• **Problem requirements**:
Once "Fred waves a" turns up in a line below, reproduce that line and those after it exactly, stopping after the line with "Close up of"; leave pictures out.

━━━━━ Supplied records ━━━━━

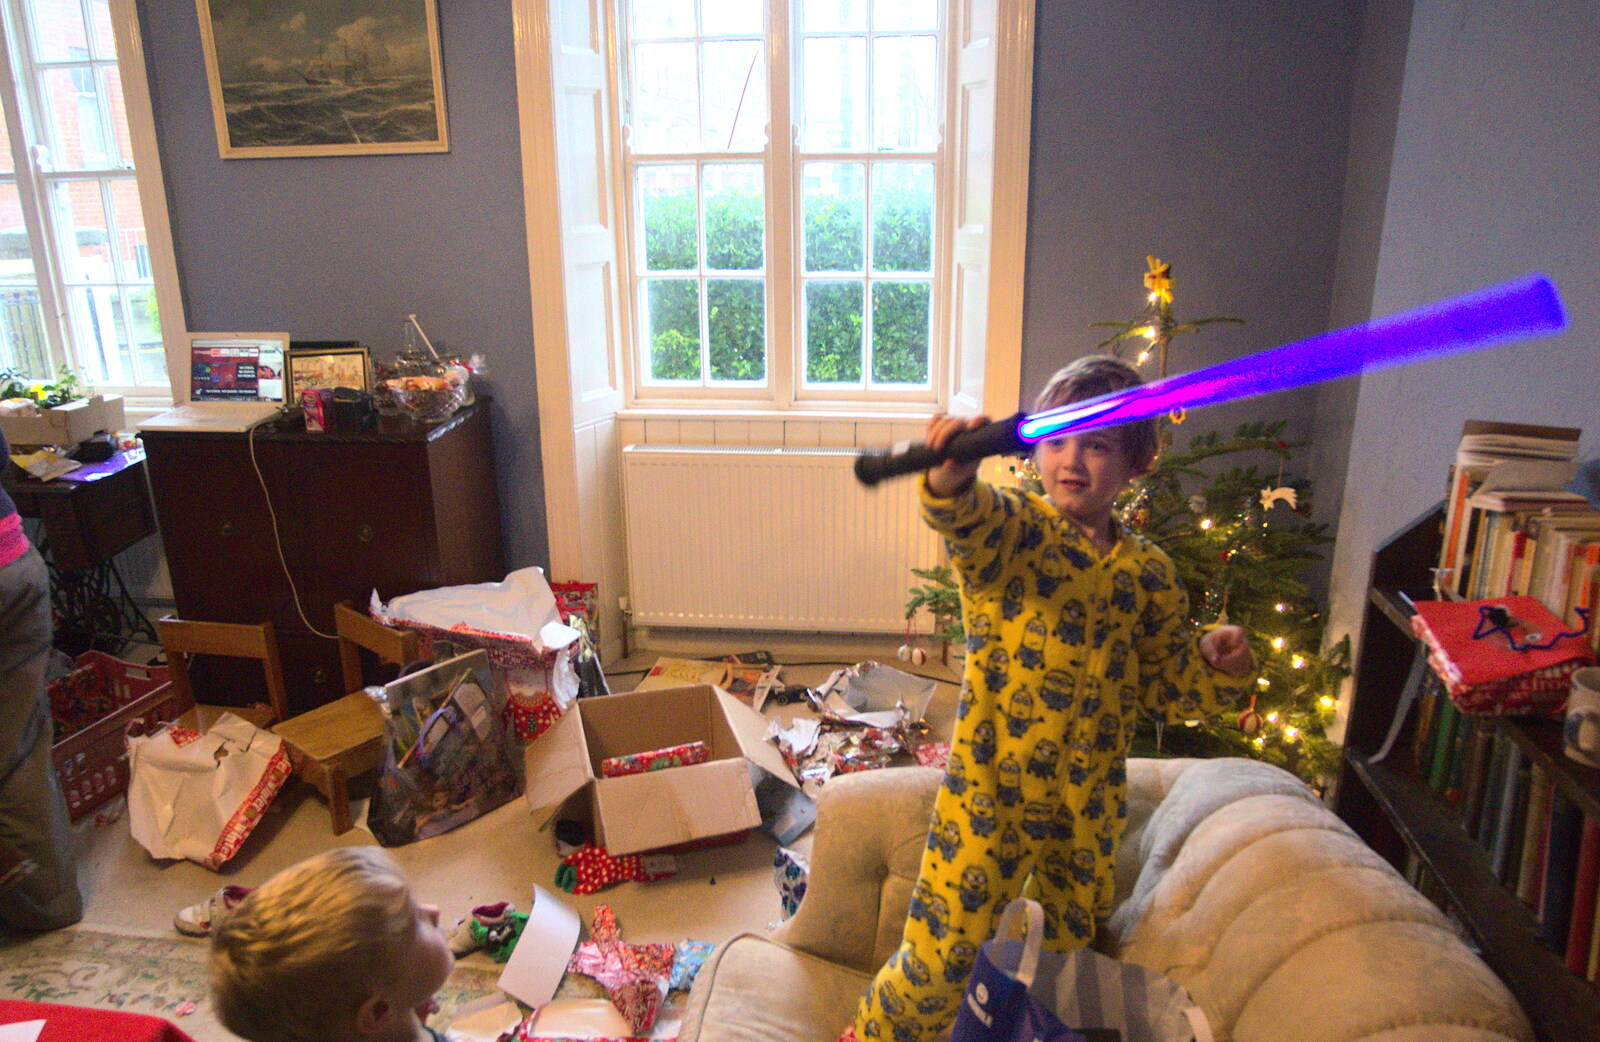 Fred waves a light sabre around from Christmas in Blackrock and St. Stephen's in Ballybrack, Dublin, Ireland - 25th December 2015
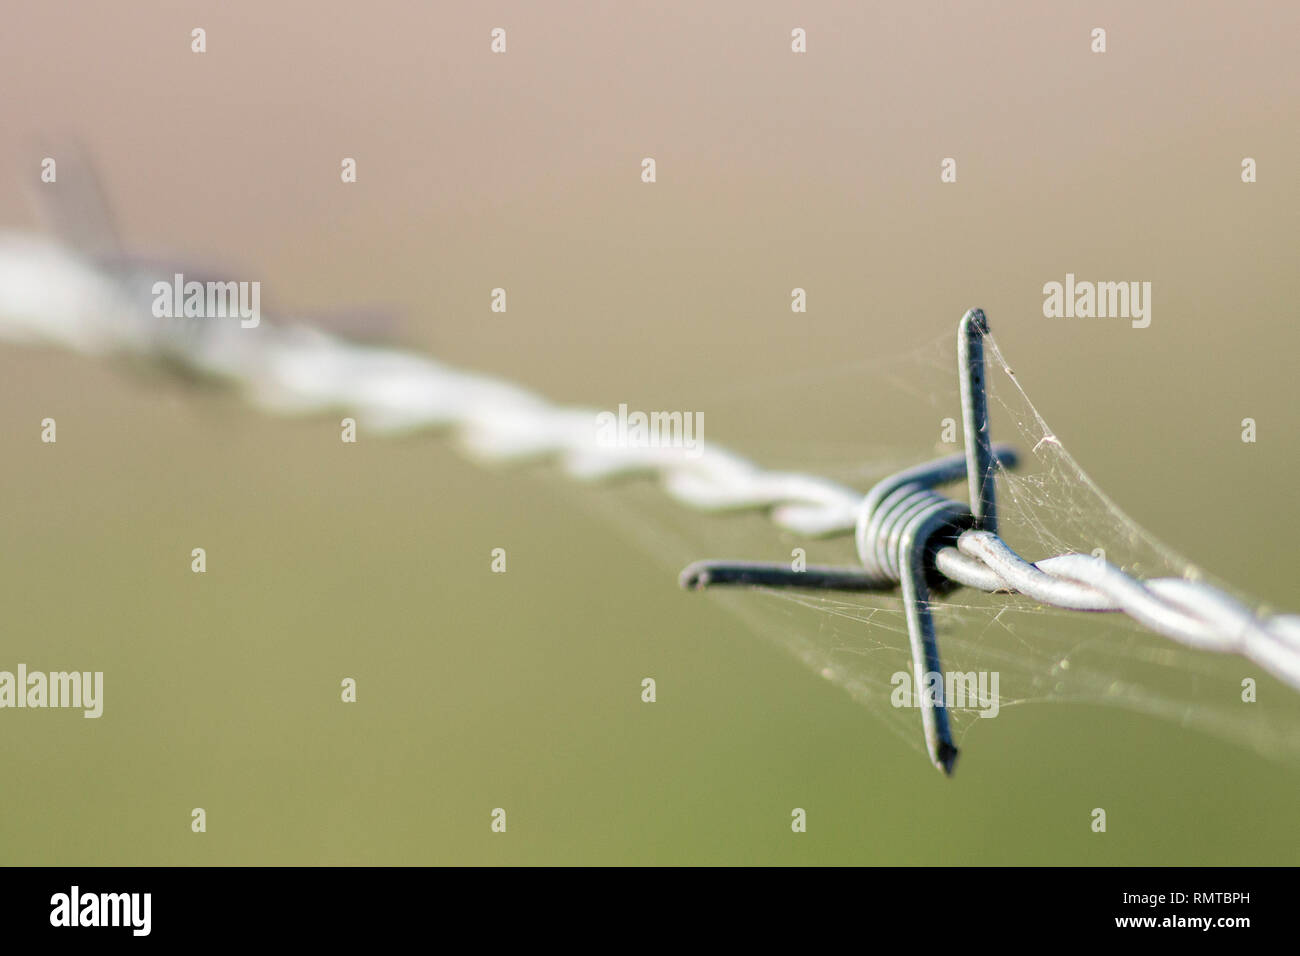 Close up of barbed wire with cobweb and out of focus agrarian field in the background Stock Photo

━━━━━
━━━━━ Supplied records ━━━━━

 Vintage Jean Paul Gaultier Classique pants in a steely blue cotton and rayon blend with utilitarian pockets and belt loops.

━━━━━
━━━━━ Supplied records ━━━━━

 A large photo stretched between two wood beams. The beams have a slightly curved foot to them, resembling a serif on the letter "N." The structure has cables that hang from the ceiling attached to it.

━━━━━

• **Solution below**:
 Fred waves a light sabre around from Christmas in Blackrock and St. Stephen's in Ballybrack, Dublin, Ireland - 25th December 2015
 Close up of barbed wire with cobweb and out of focus agrarian field in the background Stock Photo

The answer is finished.